Cameroon’s Goalkeeper André Onana Just Wants To Play


while the club kicked out most of the foreign national players By rule, Onana’s promise was so high that he was persuaded to stay in the academy, where he was allowed to train every day, but not play in official matches. It showed the intermediate effect given to the competition. “You can train all you want, but in the end you train to play,” Onana said. “And if you don’t, it will affect you mentally and physically.”

When Onana turned 18 and qualified to play again, Barcelona recruited Marc-André ter Stegen, a promising German goalkeeper, and Claudio Bravo, who helped Chile win the Copa América. He told her that he knew his future was elsewhere.

He decided to try his luck in the Netherlands and within a year had established himself as Ajax’s No. 1 goalkeeper. He was just 19 years old.

The timing couldn’t be better. Like Barcelona, ​​Ajax had a penchant for self-trained talent, and the talents who were just starting out on their first team turned out to be the best in a generation. And Onana’s ball skills at Barcelona matched perfectly with Ajax’s style.

Success quickly followed, as were strong performances against wealthier clubs in European competitions such as the Champions League. In the summer of 2020, some of these teams started circling and offered Ajax millions for their young goalkeeper. Ajax refused to sell, confident that the price of Onana and other young stars would continue to rise.

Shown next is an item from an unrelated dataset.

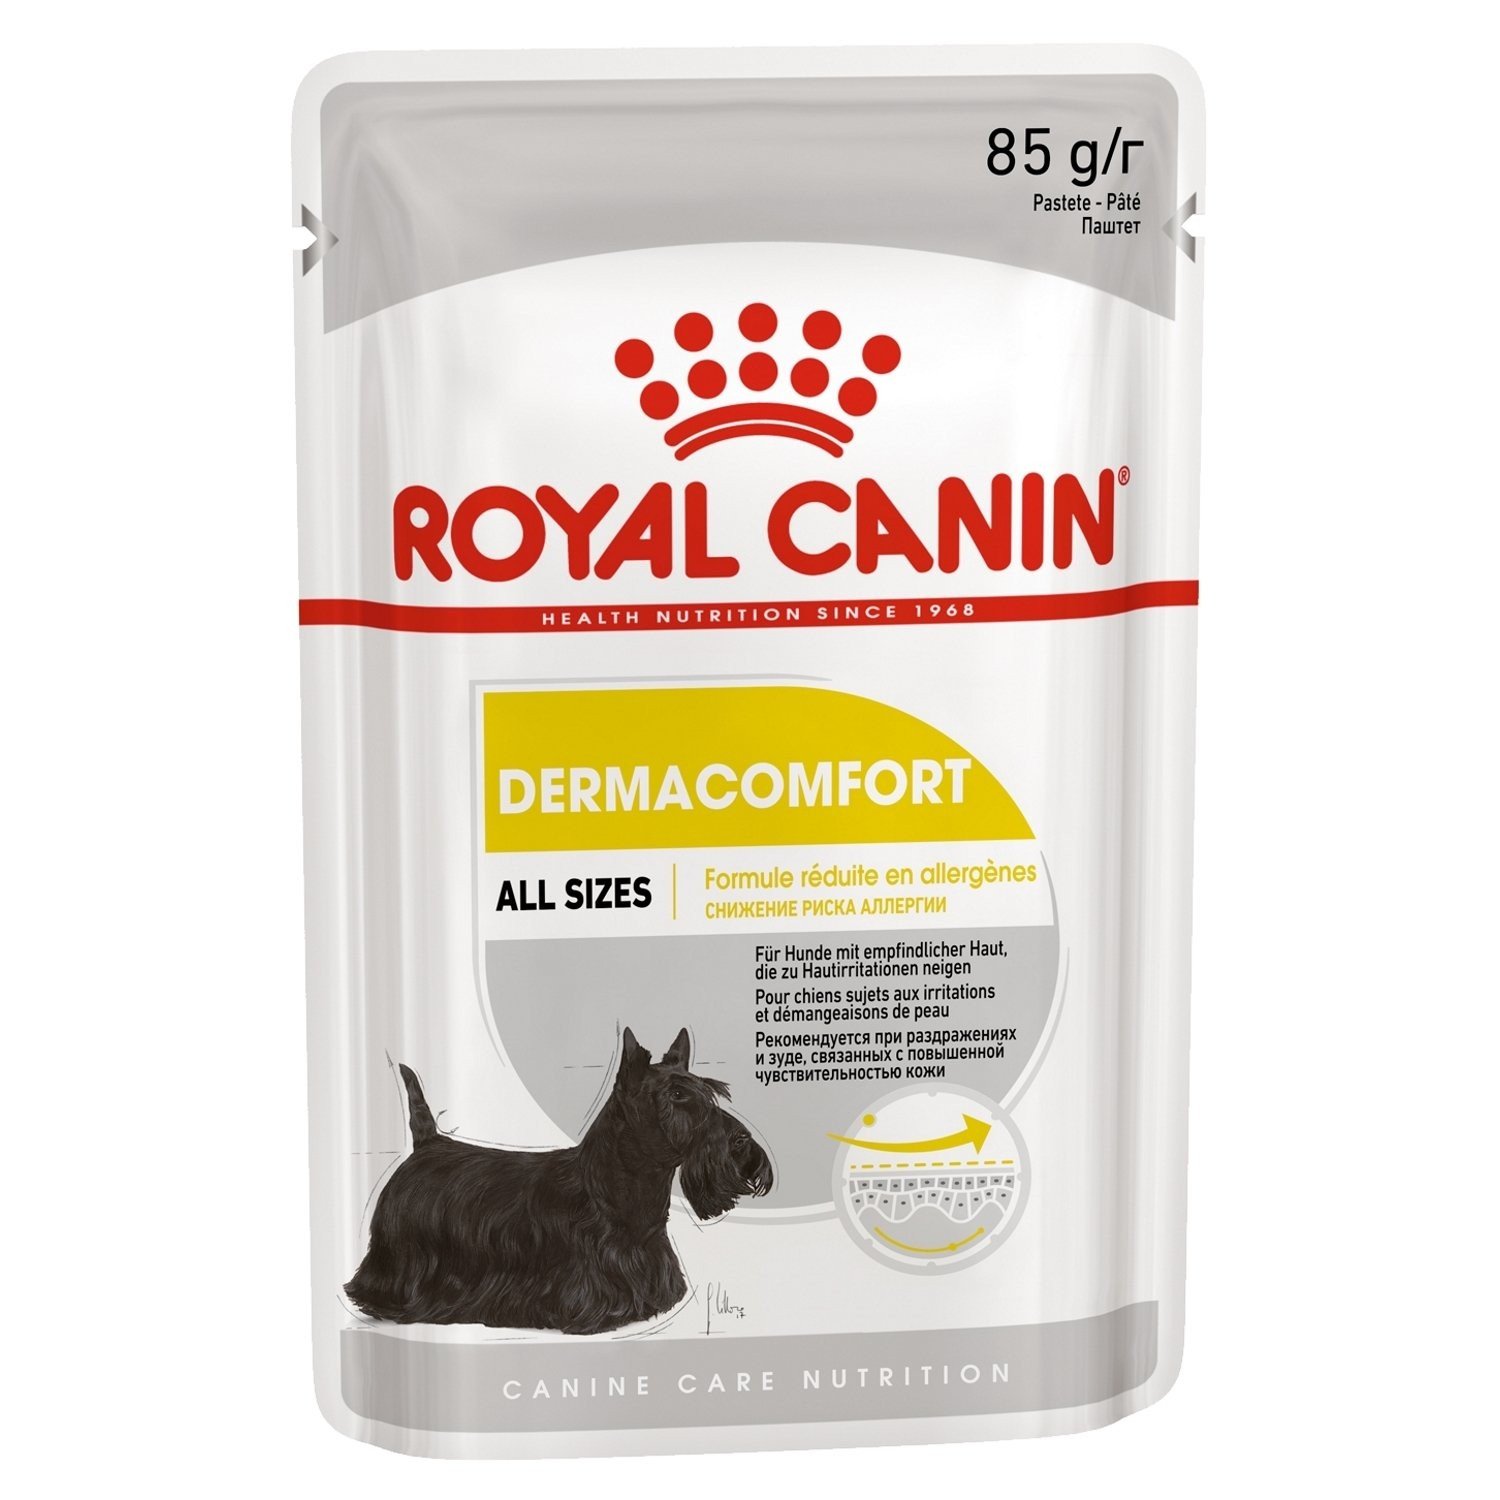 Royal Canin Sachet fraîcheur Dermacomfort mousse pour Chien Sensible

And then, just like a few years ago, everything stopped for Onana when she tested positive for drugs. Onana appealed the one-year ban given to him and the governing body of European football accepted his statement.

But according to football’s regulations, he was still liable and thus the reduced sentence to seven months meant Onana’s de facto exclusion from football from February 2021. When his Ajax teammates lifted the trophy to celebrate a title he contributed that spring, he was not allowed into the stadium to watch.